Researchers at Philips have extended micro-electromechanical systems (MEMS) technology to variable capacitors. Thus, Philips' researchers have demonstrated micromachined electrically variable RF capacitors. The devices, which are the microscopic equivalent of air-spaced variable and switchable capacitors, can be integrated into silicon chips using conventional wafer fabrication processes, according to the company. The capacitors are made by under-etching an area of the chip's top metal layer to create a beam that moves up and down through electrostatic attraction when a voltage is applied. So it can be used as a variable capacitor. It can also be used as a switched MEMS capacitor, wherein it moves until it contacts a dielectric layer situated underneath the beam. In the variable capacitor case, the researchers claim to achieve a tuning range of 17 and Q-factor as high as 500.

According to Philips, it can integrate its MEMS capacitors alongside high-Q inductors and fixed value metal-insulator-metal (MIM) capacitors using its PASSI process technology.
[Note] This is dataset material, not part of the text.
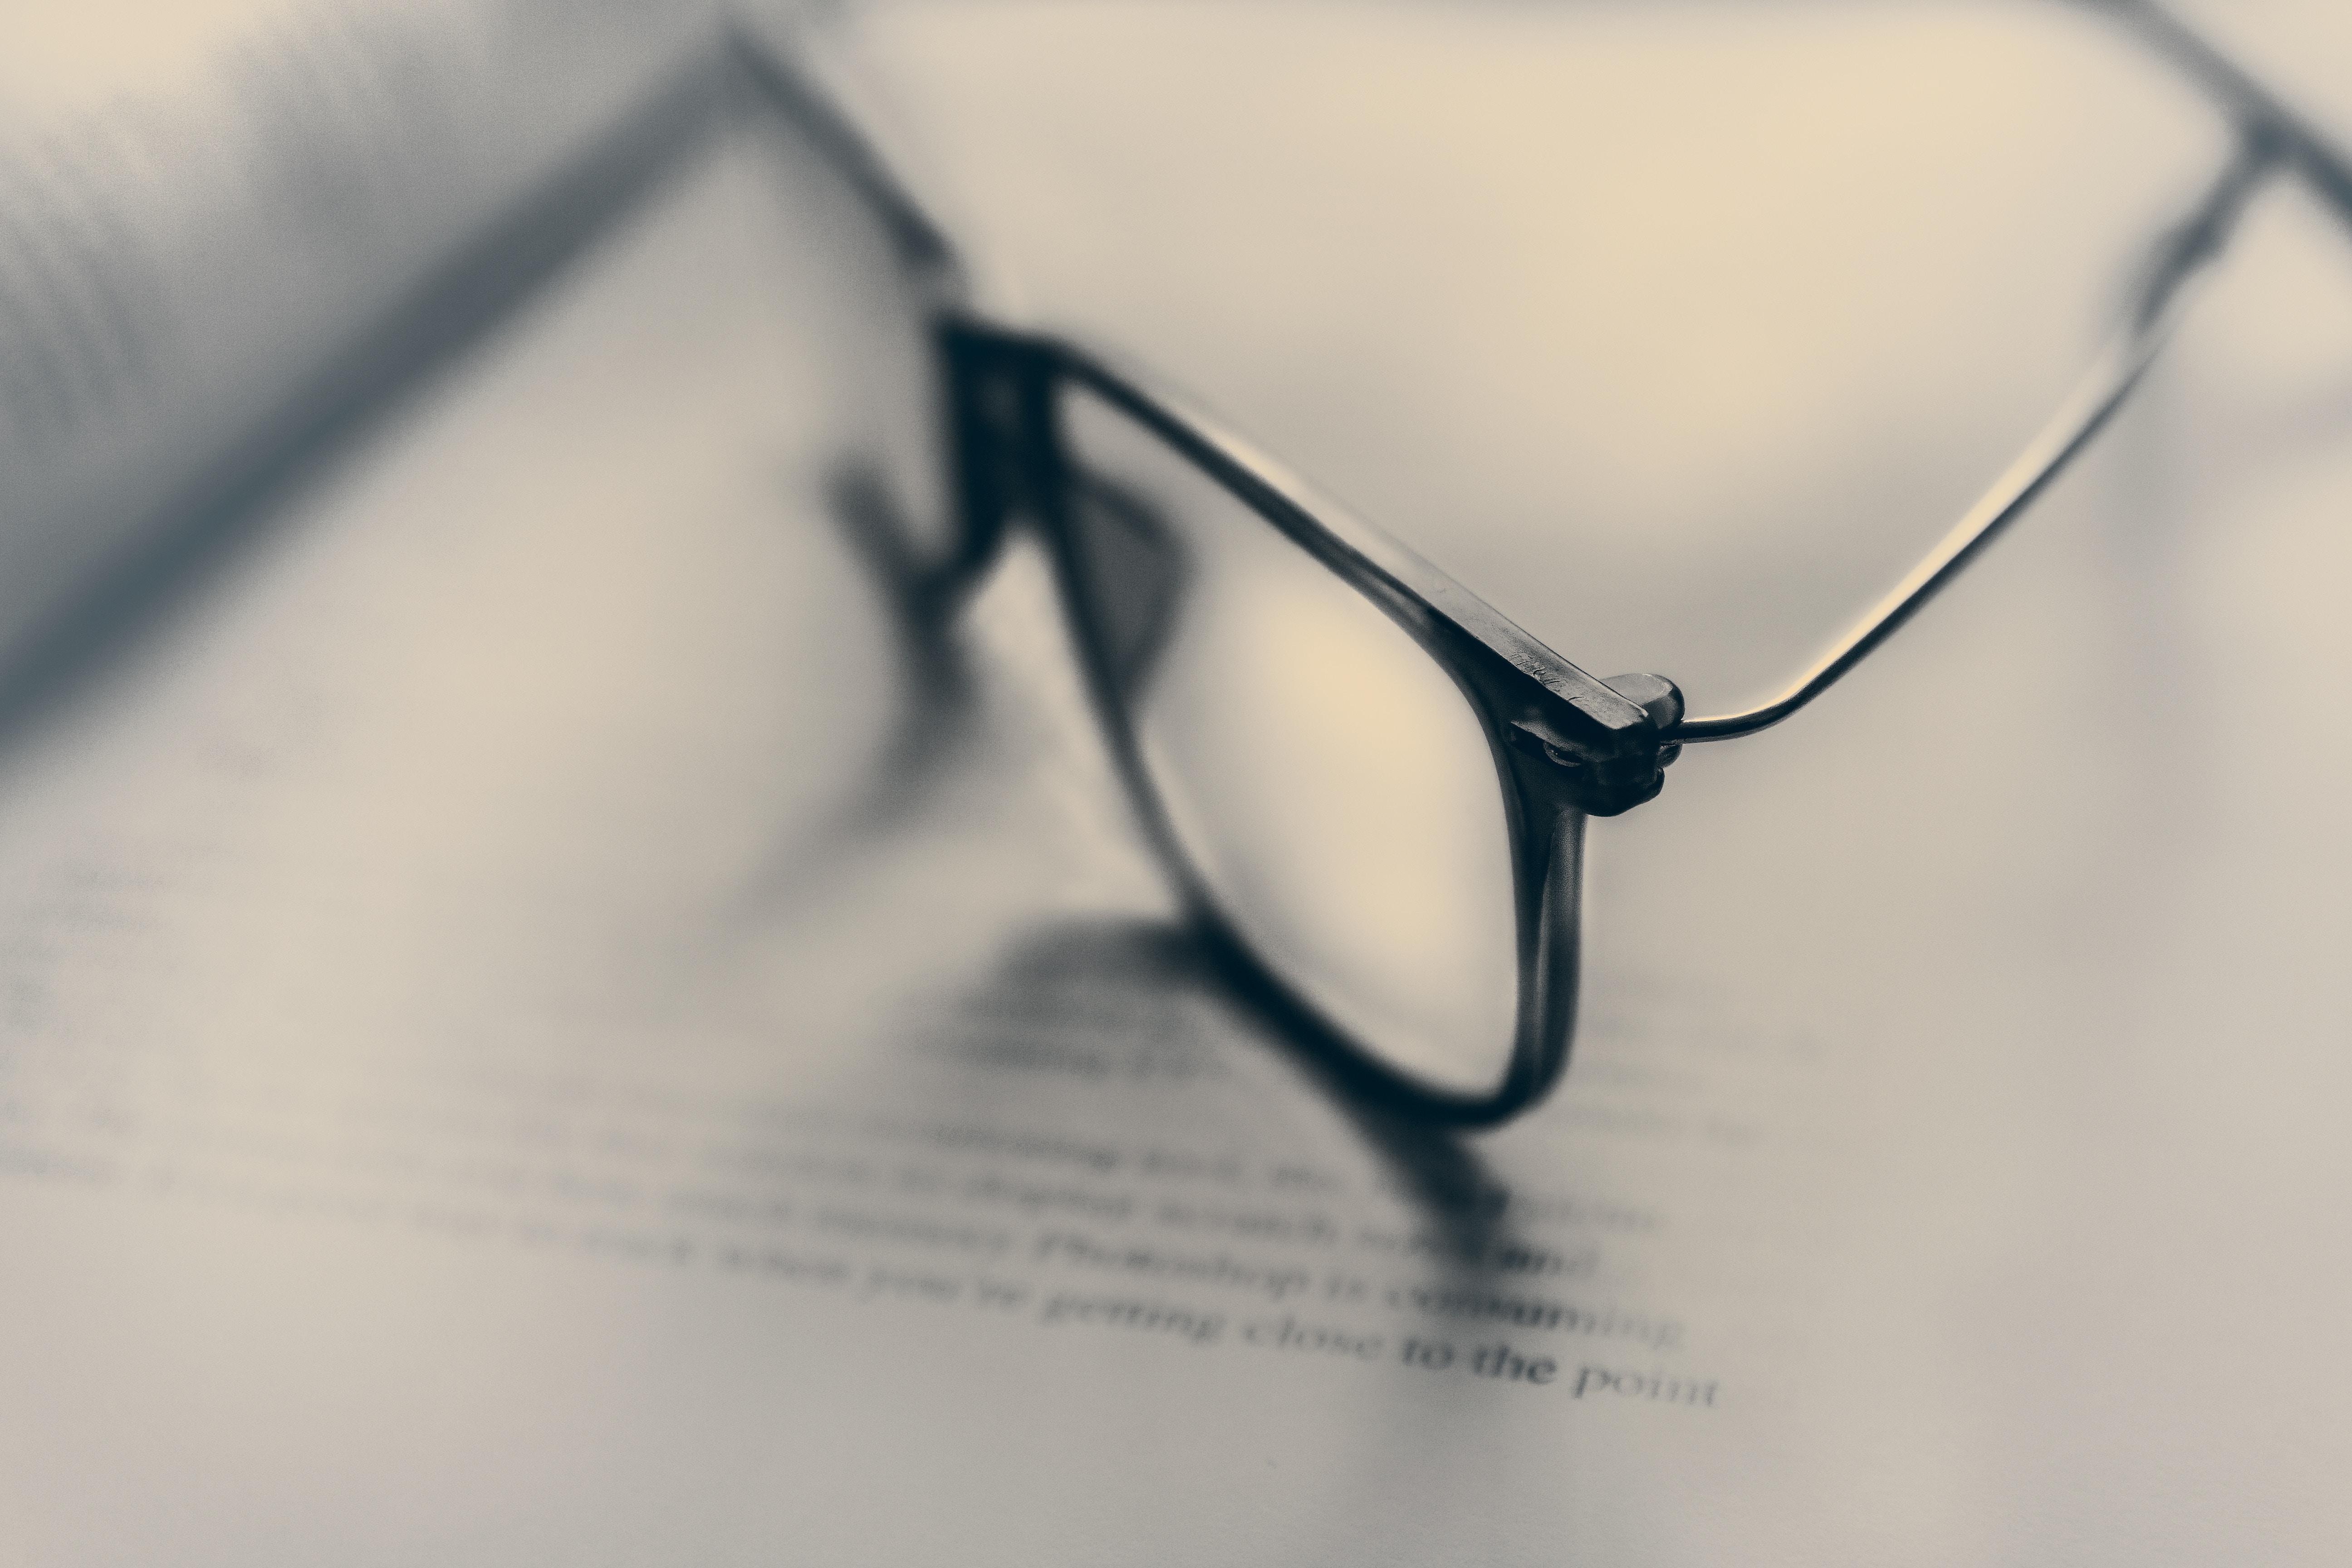 Briller lagt på nodepapir

This will allow the production of high-performance RF circuits, such as adaptive impedance matching networks and voltage-controlled oscillators that are superior to discrete component solutions in terms of size and performance, said the developer.

Consequently, the impedance matching network that sits between a mobile phone's power amplifier and its antenna will require less than half the PC board area needed to accommodate traditional networks using discrete components. In addition, matching can be dynamically varied to obtain high accuracy. The researchers are also employing MEMS capacitor technology to produce highly linear RF MEMS switches. These switched capacitors will be used to replace the power consuming PIN-diode switches currently used in mobile phones to prevent high RF power levels from reaching the handset's sensitive RF receiver circuitry while the phone is transmitting.